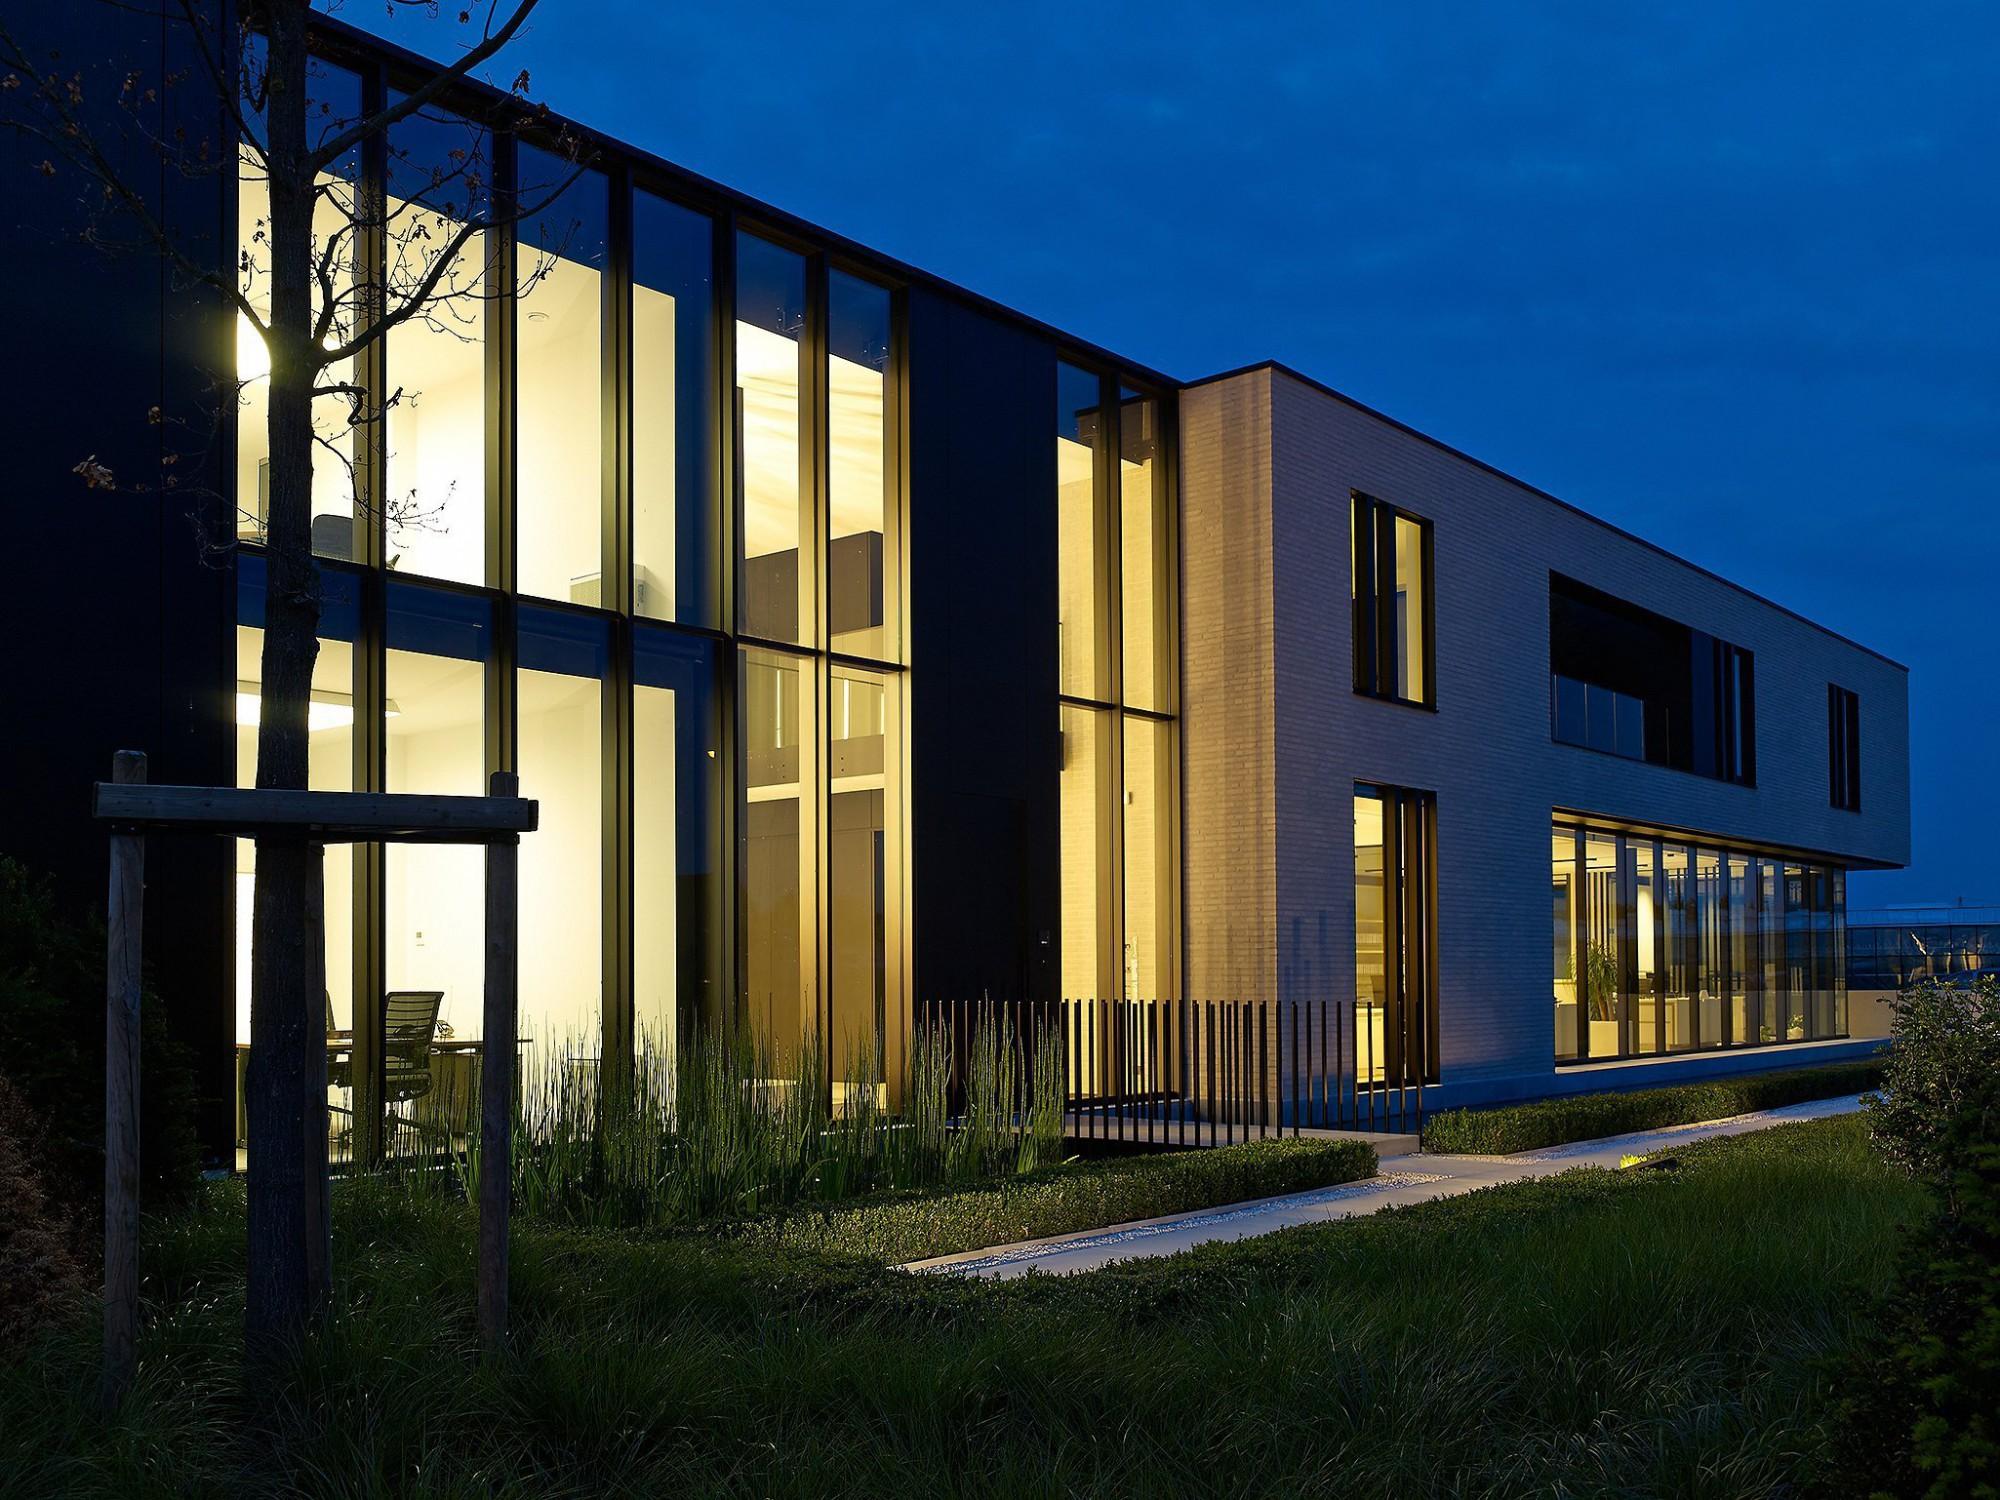 Afbeelding: Architectuur fotografie, kantoorgebouw Turnhout, voor bouwonderneming Fransen.
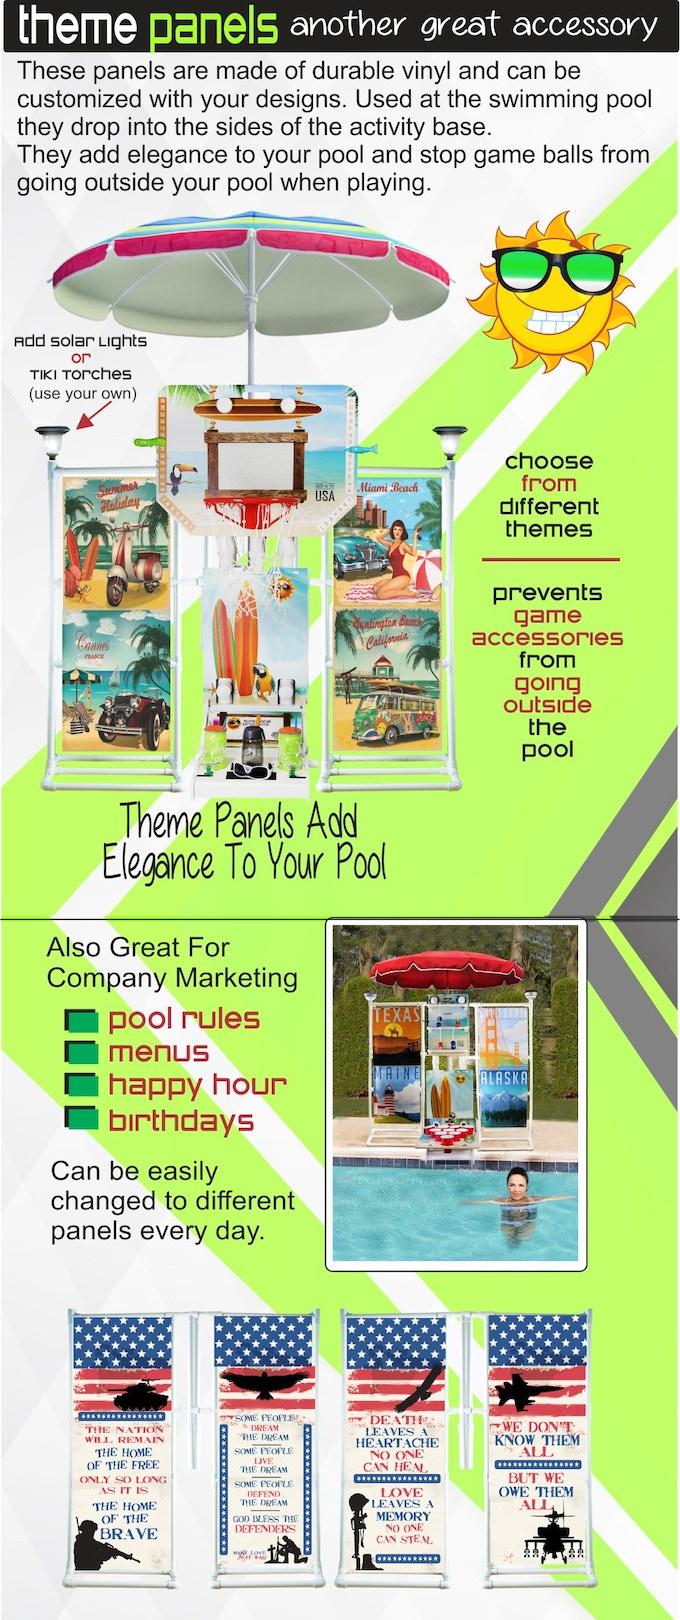 Theme Panels
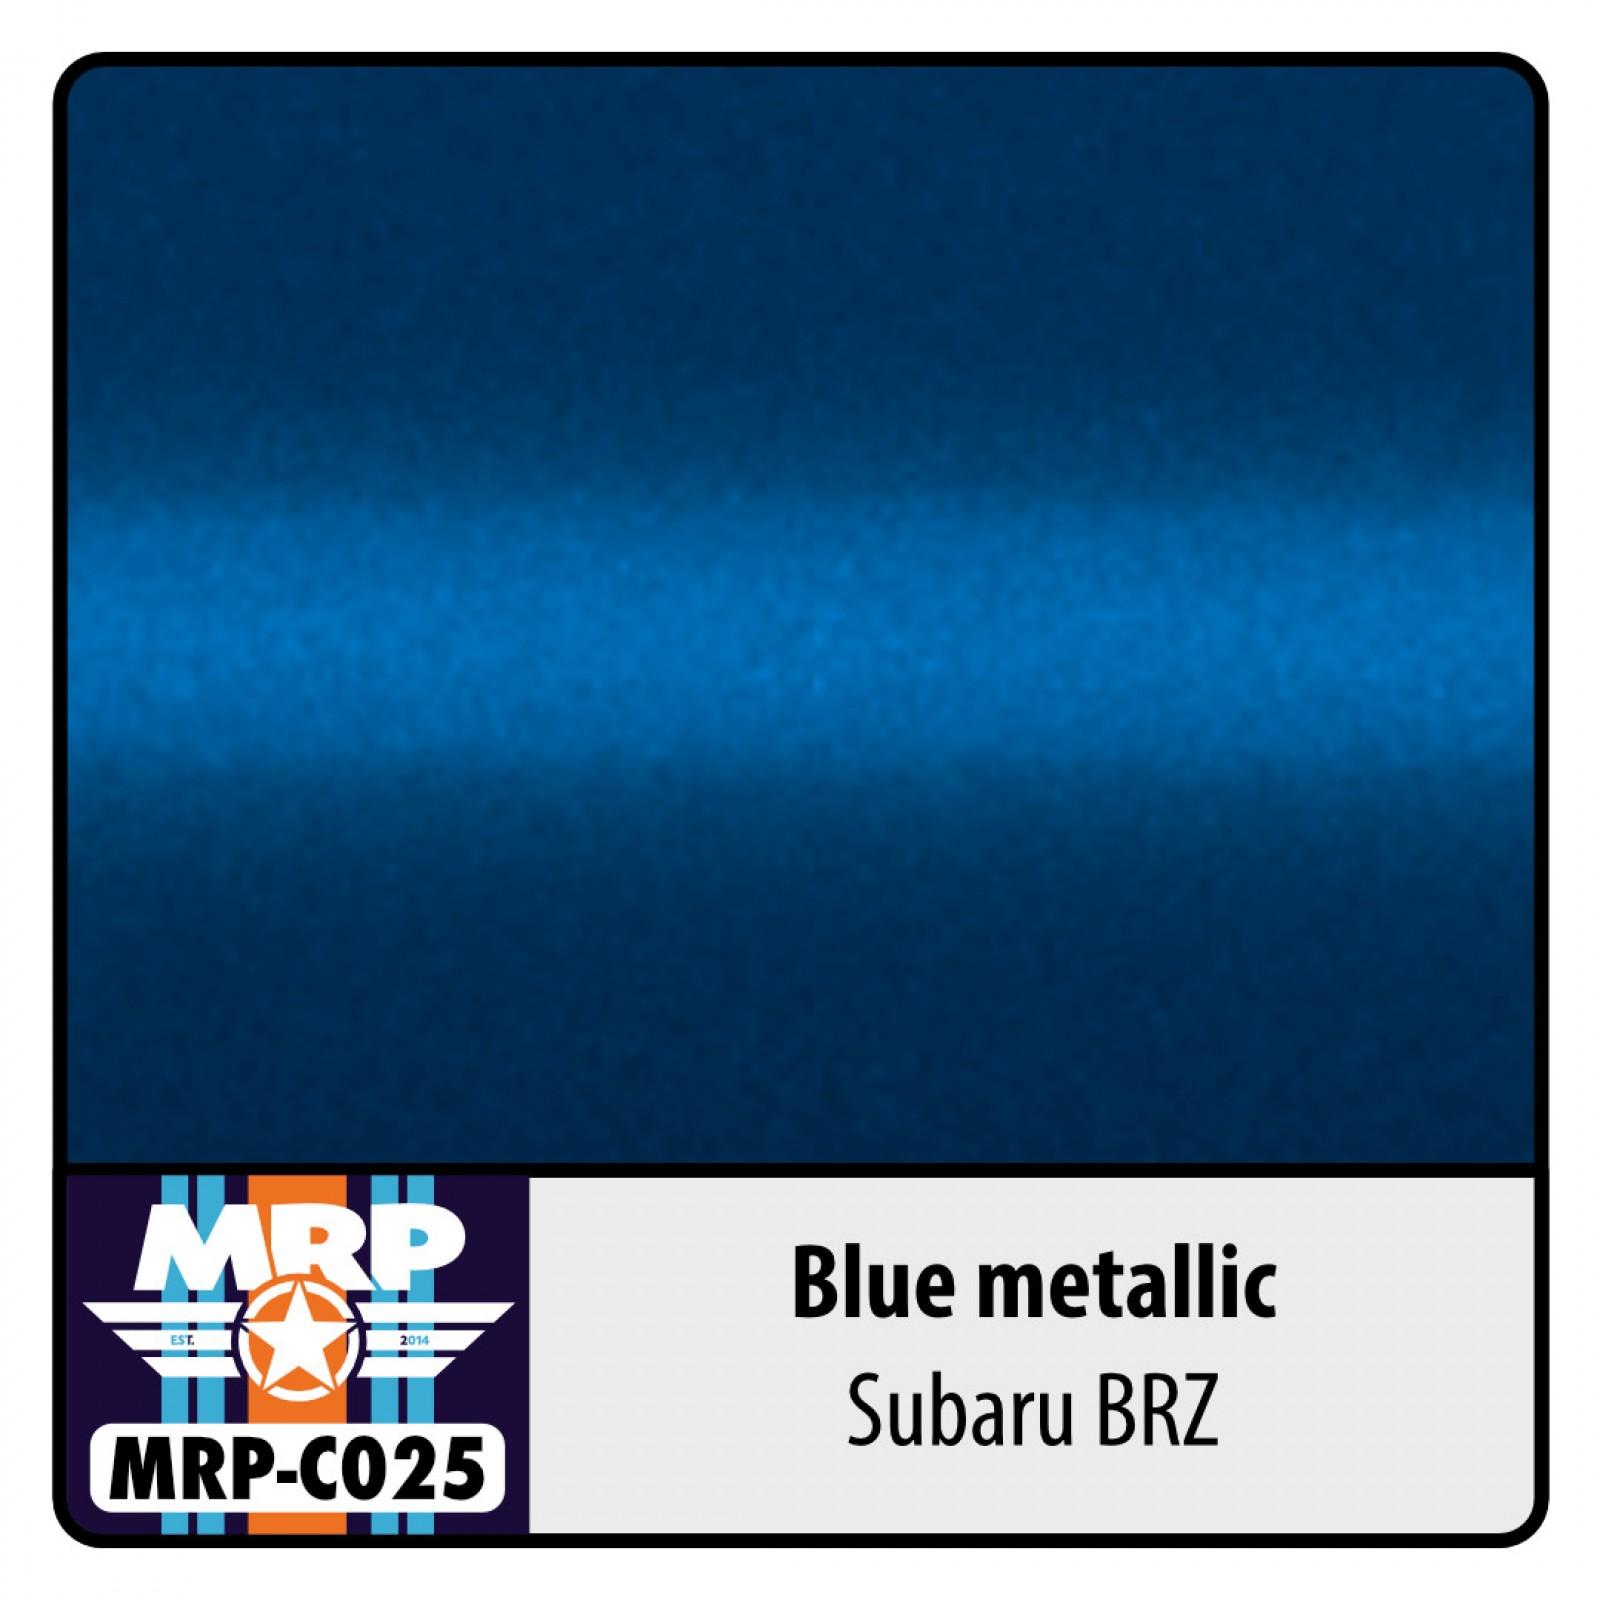 MRP-C025  Blue metallic for Subaru BRZ

• TRY IT: Return the listing above in full and exactly, omitting all pictures.

• TASK ANSWER:
 Afbeelding: Architectuur fotografie, kantoorgebouw Turnhout, voor bouwonderneming Fransen.
 Theme Panels
 MRP-C025  Blue metallic for Subaru BRZ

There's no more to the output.